Exercise brief » Please output the data exactly, minus pictures.

Provided material »

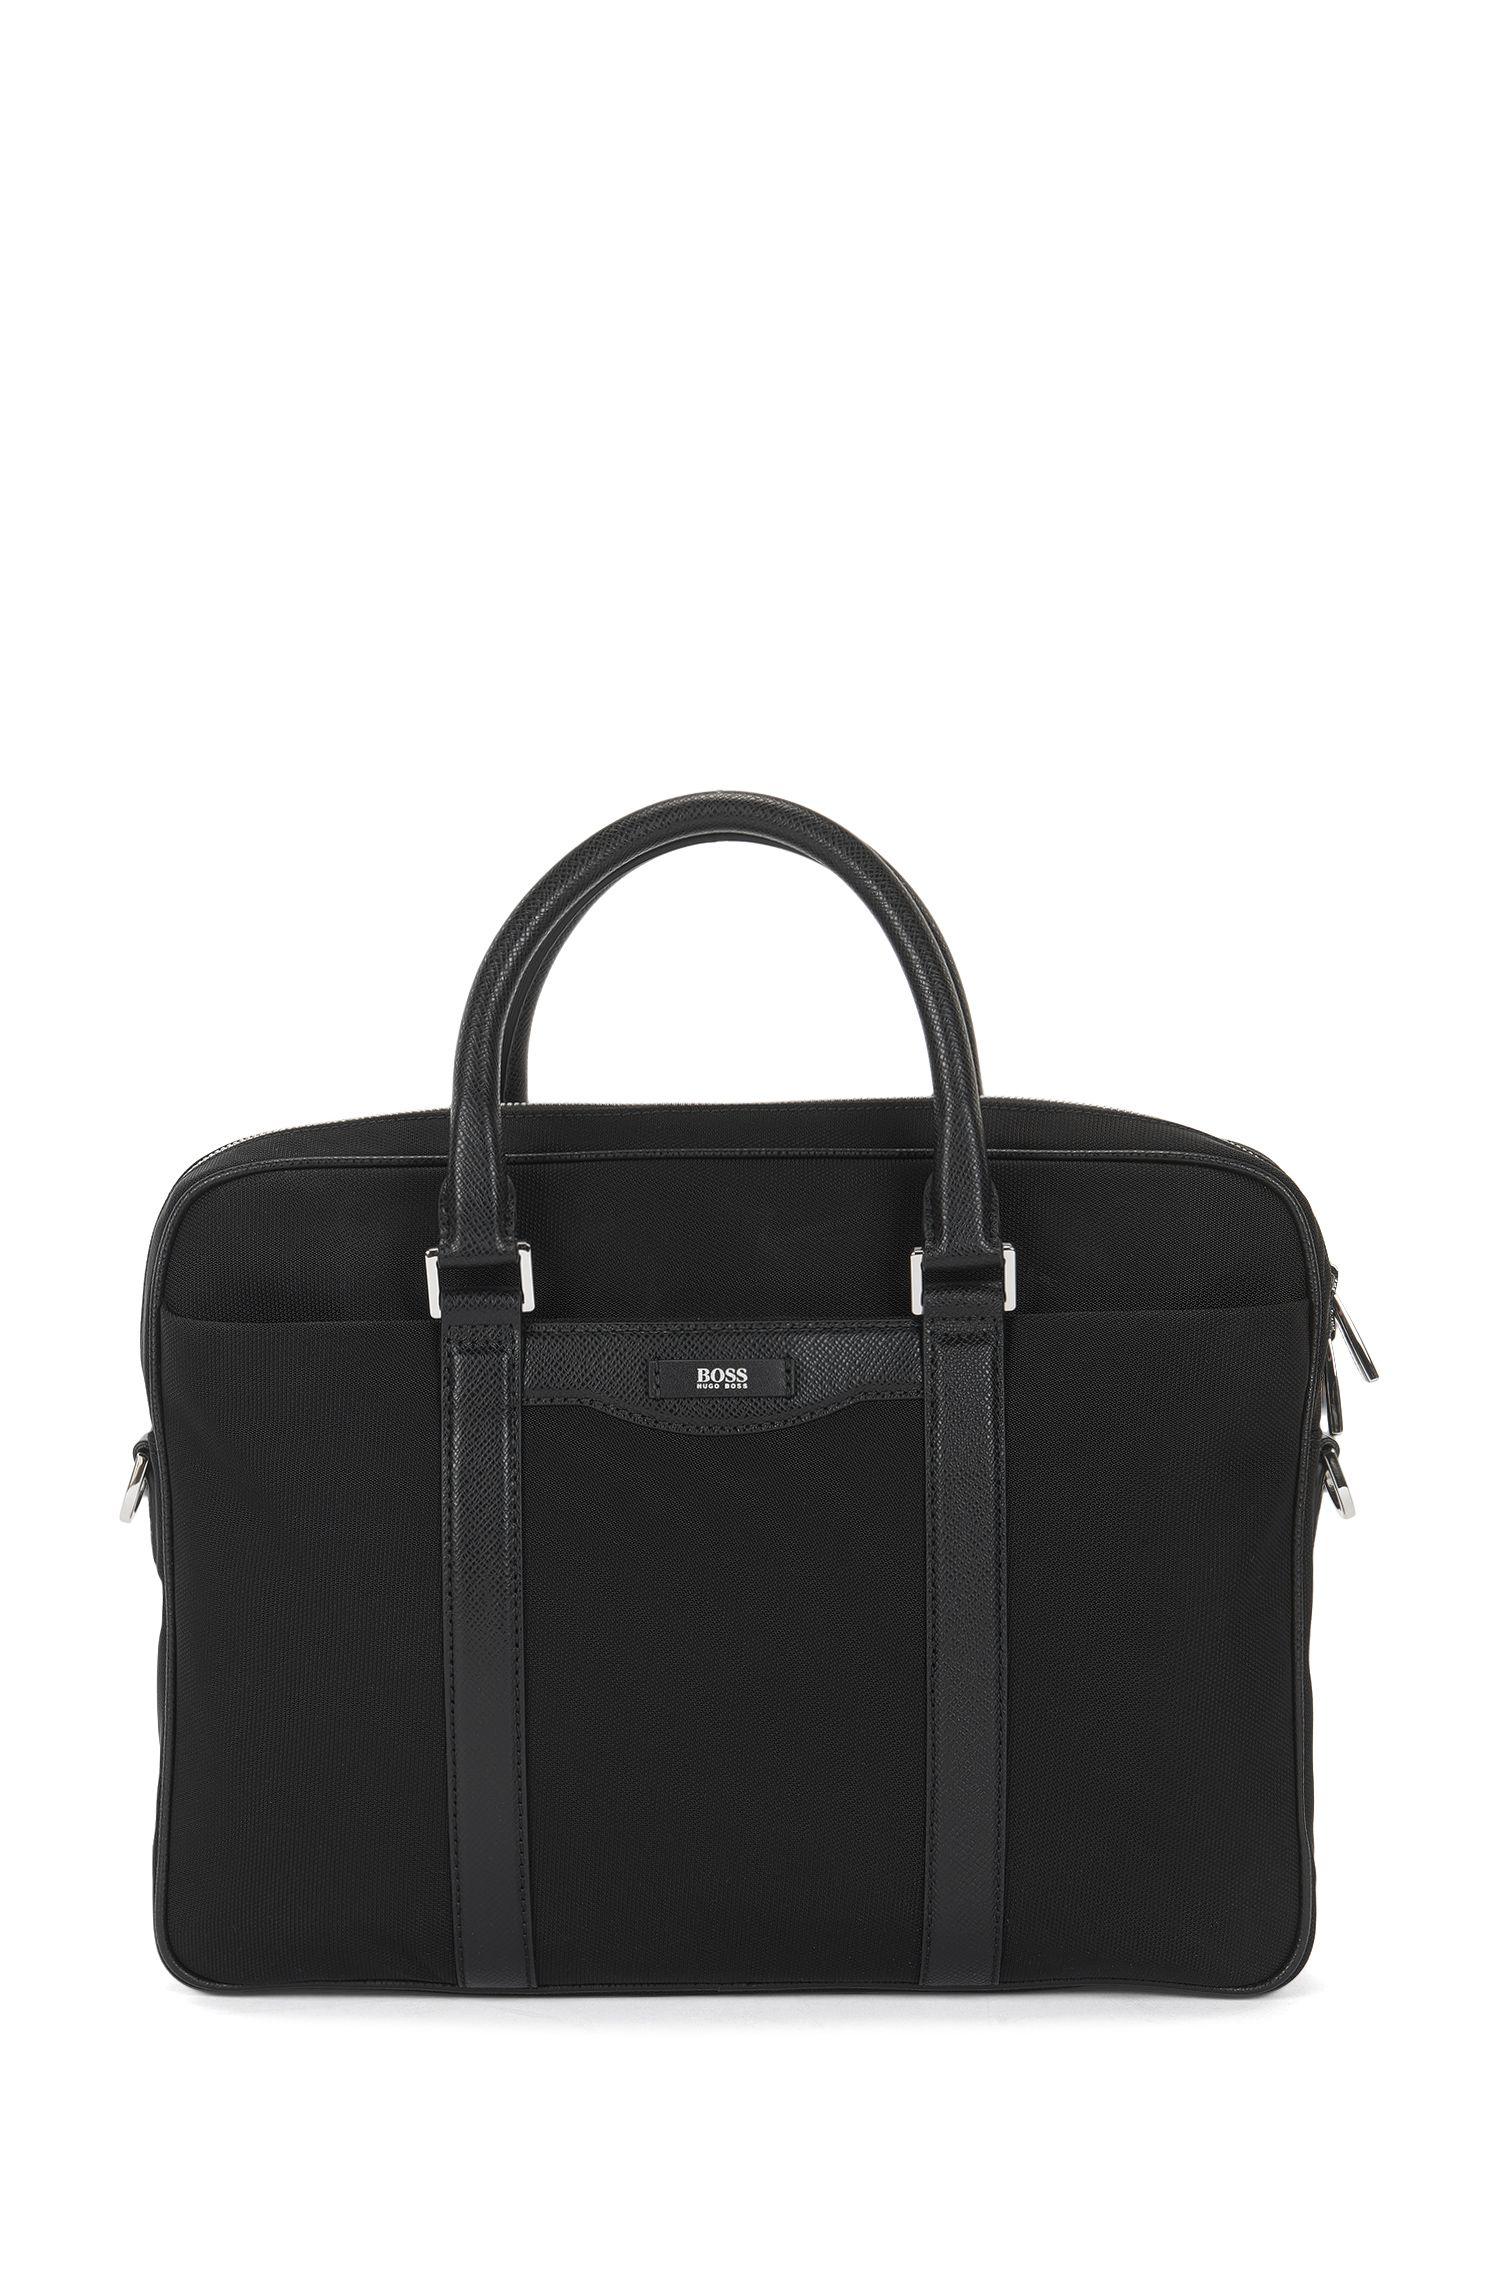 Unifarbene Business-Tasche mit Lederbesätzen: 'Signature L_S doc'
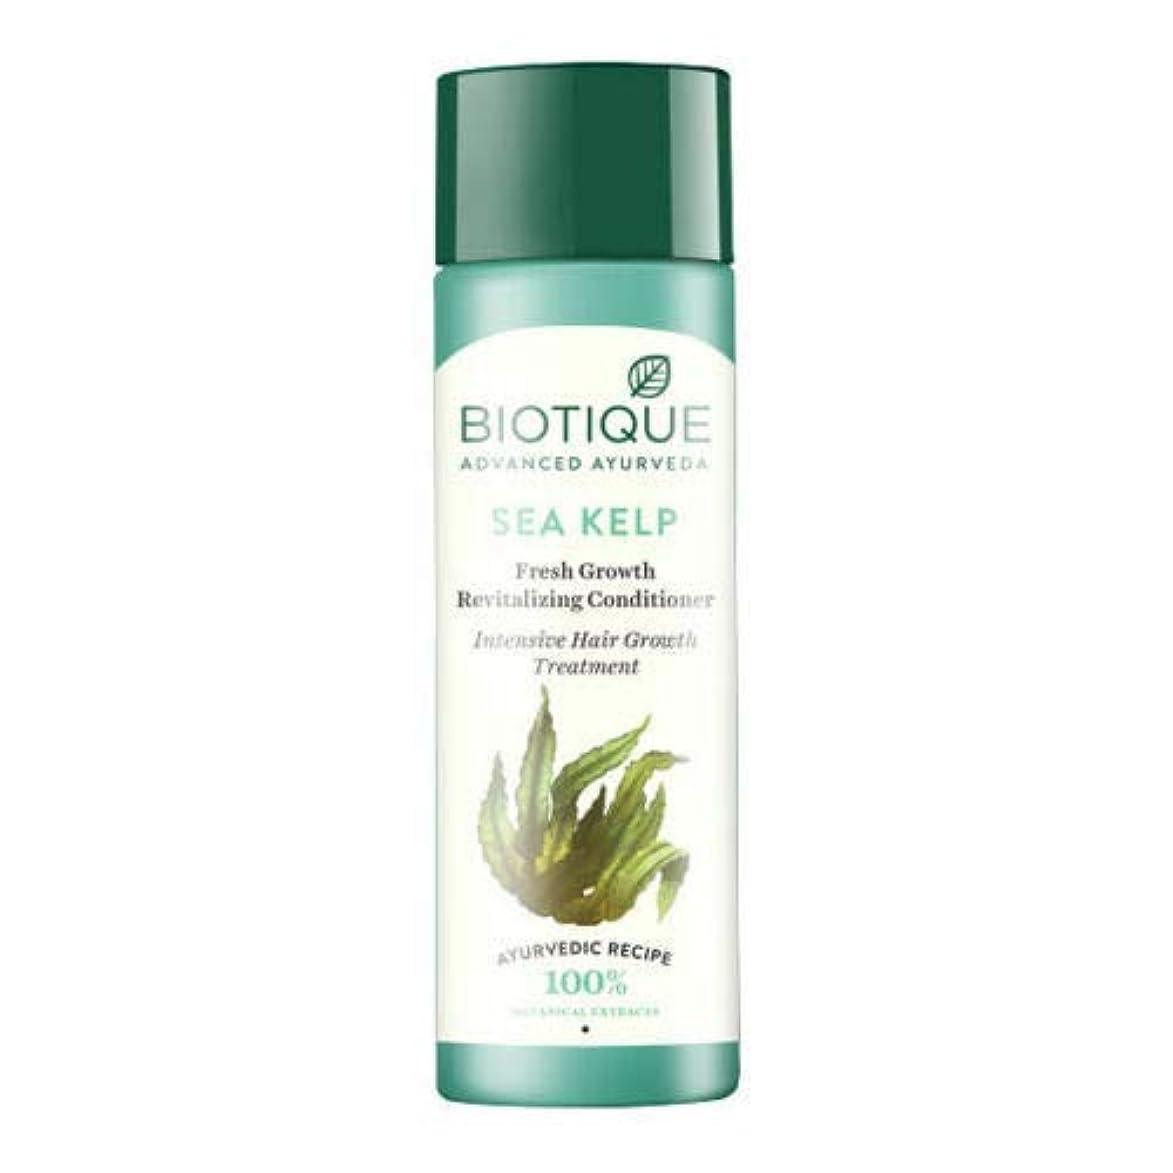 結紮押し下げる有利Biotique Bio Sea Kelp Fresh Growth Revitalizing Conditioner (120 ml) hair Growth Biotiqueバイオシーケルプフレッシュグロースリジュライジングコンディショナー育毛
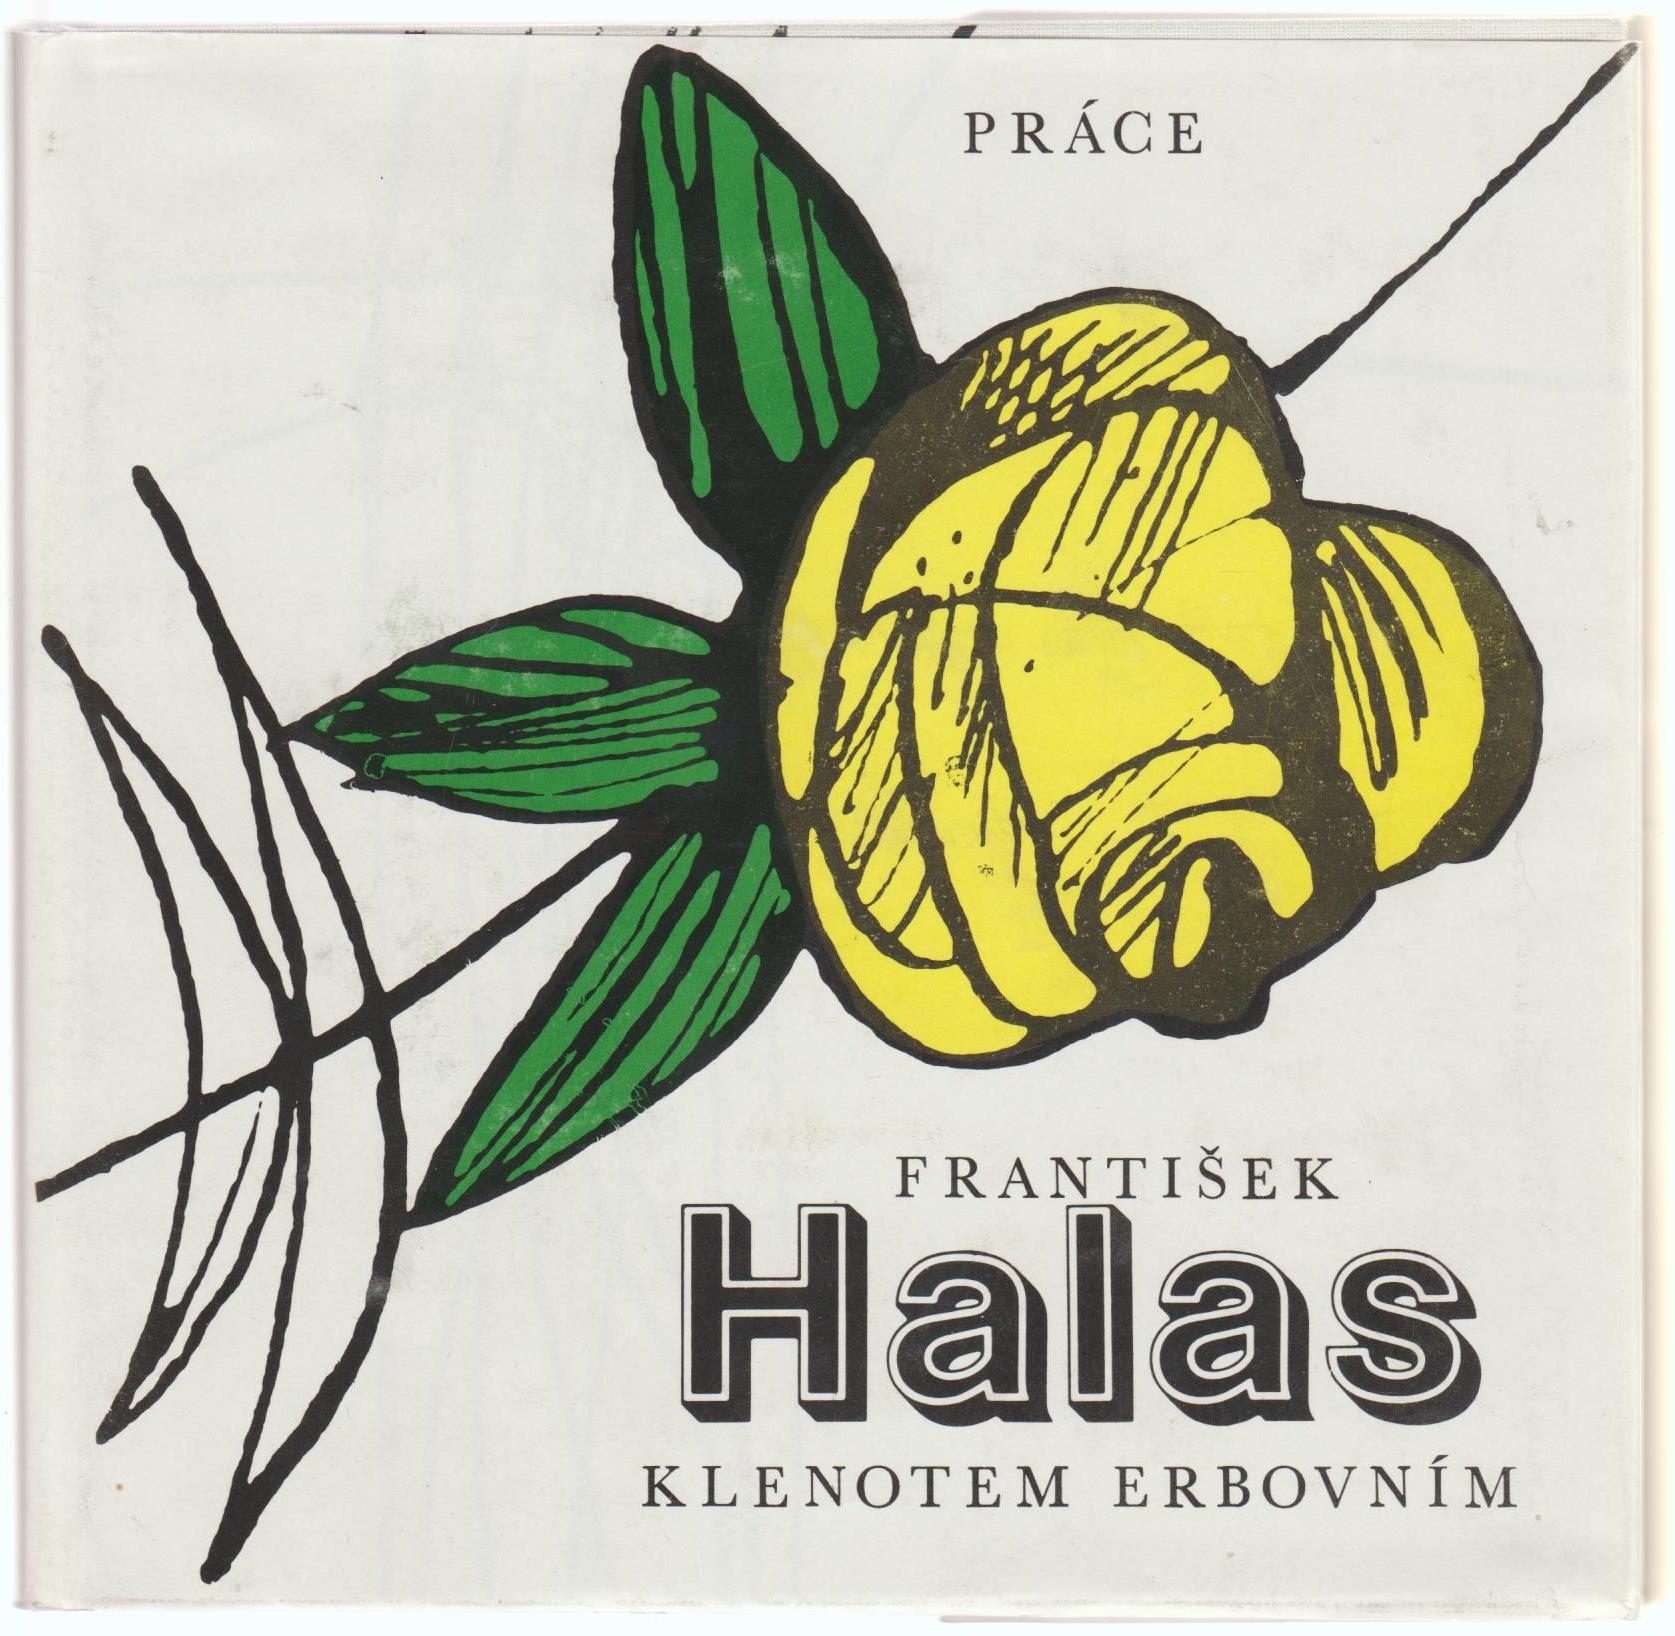 Klenotem erbovním - František Halas
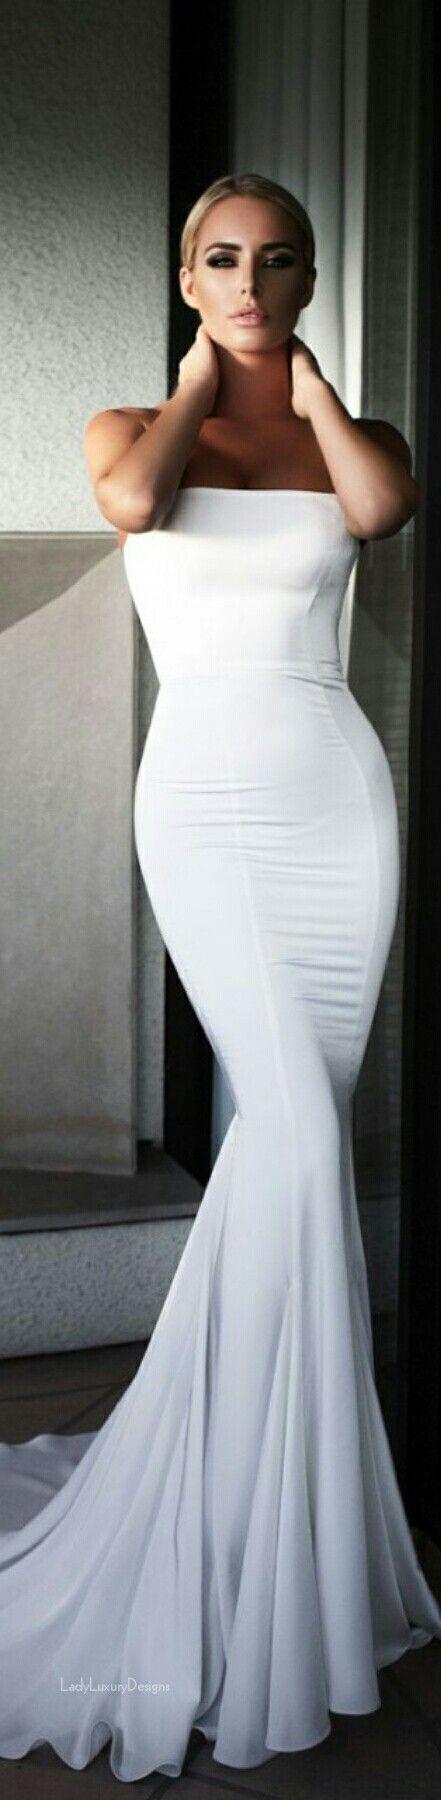 2604 best Duge haljine (Maxi dresses) images on Pinterest ...

Response to this exercise »
 Unifarbene Business-Tasche mit Lederbesätzen: 'Signature L_S doc'
 結紮押し下げる有利Biotique Bio Sea Kelp Fresh Growth Revitalizing Conditioner (120 ml) hair Growth Biotiqueバイオシーケルプフレッシュグロースリジュライジングコンディショナー育毛
 Klenotem erbovním - František Halas
 2604 best Duge haljine (Maxi dresses) images on Pinterest ...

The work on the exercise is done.